The above figure shows the configuration of the YardSite. The important properties are
- ID: This is the {siteId} used to map this ManagedSite to the RESTful API of the Stanbol Entityhub. Make sure that the ID is unique over all configured Sites.
- Yard ID: Here you need to put the ID of the Yard configured in the previous step. If no Yard with that ID is active the ManagedSite will not be initialized and therefore be not available on the RESTful API
The Entity Prefix(es) are an optional configuration. This is used by the SiteManager (the "/entityhub/sites" endpoint) if requested entities can be dereferenced via a registered site. If not present the SiteManager will try to dereference every request by using this ManagedSite. So correctly configuring this may slightly improve performance by avoiding unnecessary requests.

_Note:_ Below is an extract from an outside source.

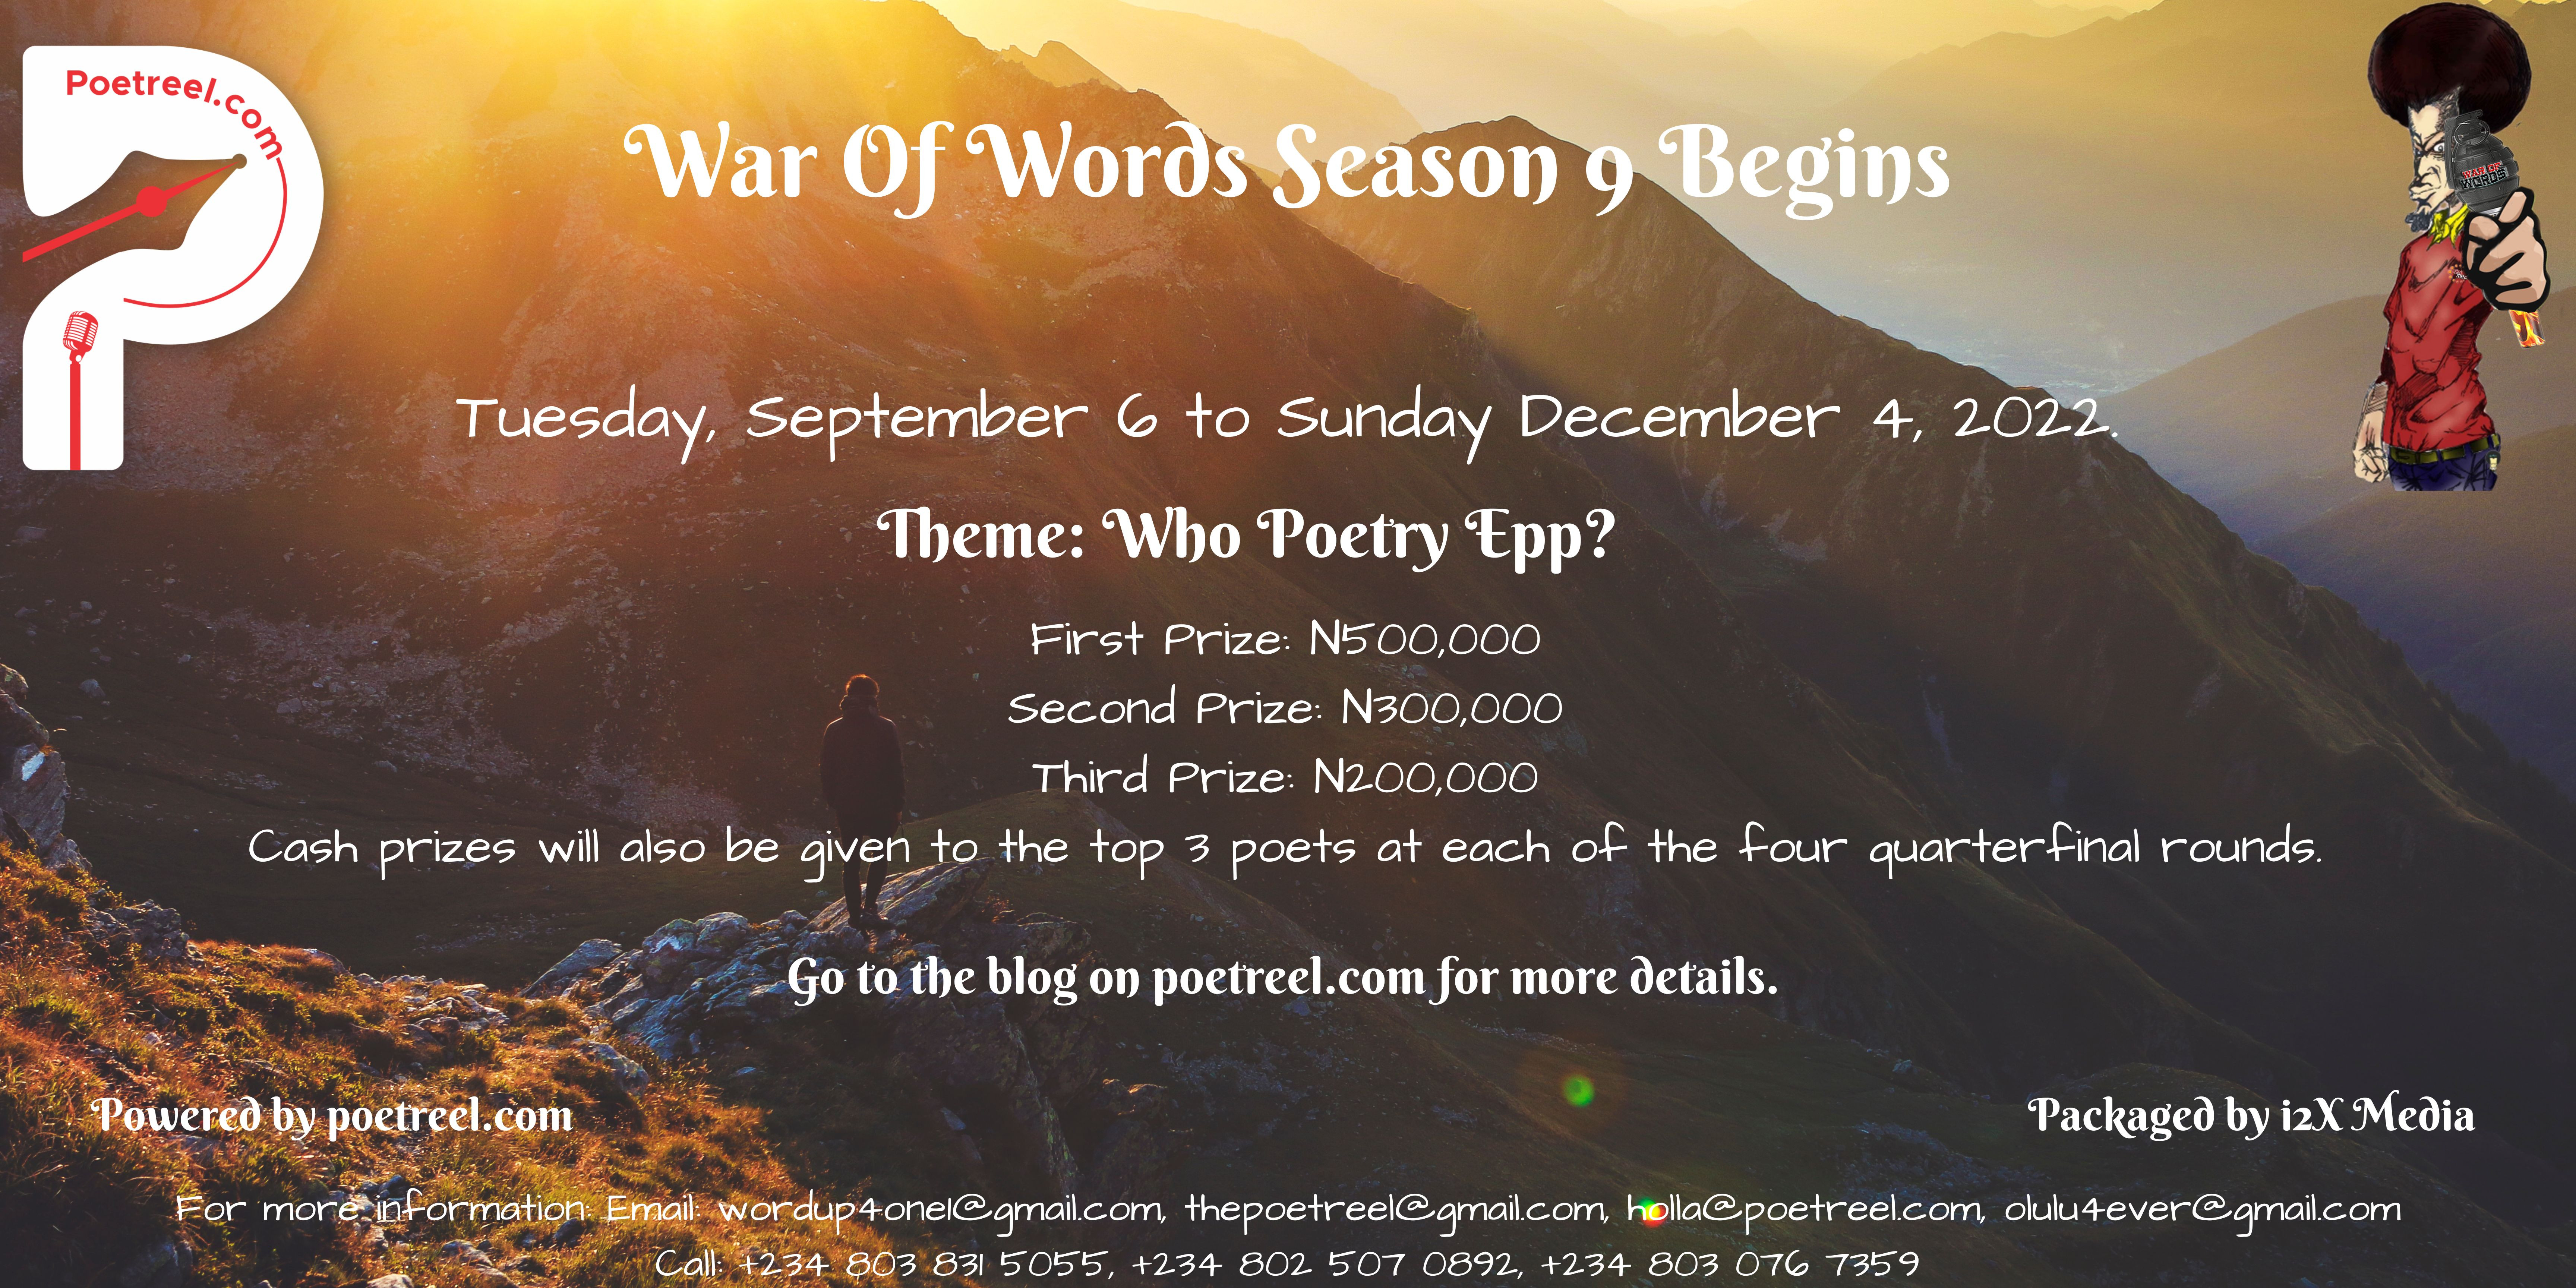 War Of Words Season 9 begins

The Field Mappings can be used to copy property values of created/updates Entities to other properties. The mappings used in the above figure ensure that SKOS preferred/alternate labels, FOAF (Friend of a Friend) names, Dublin Core titles as well as the name property of the schema.org ontology are copied over to rdfs:label. This configuration is the default as the Stanbol Enhancer uses rdfs:label
as default property for linking entities based on their names.
After completing all those steps you should see a new empty ManagedSite under
http://{stanbol-instance}/entityhub/site/iptc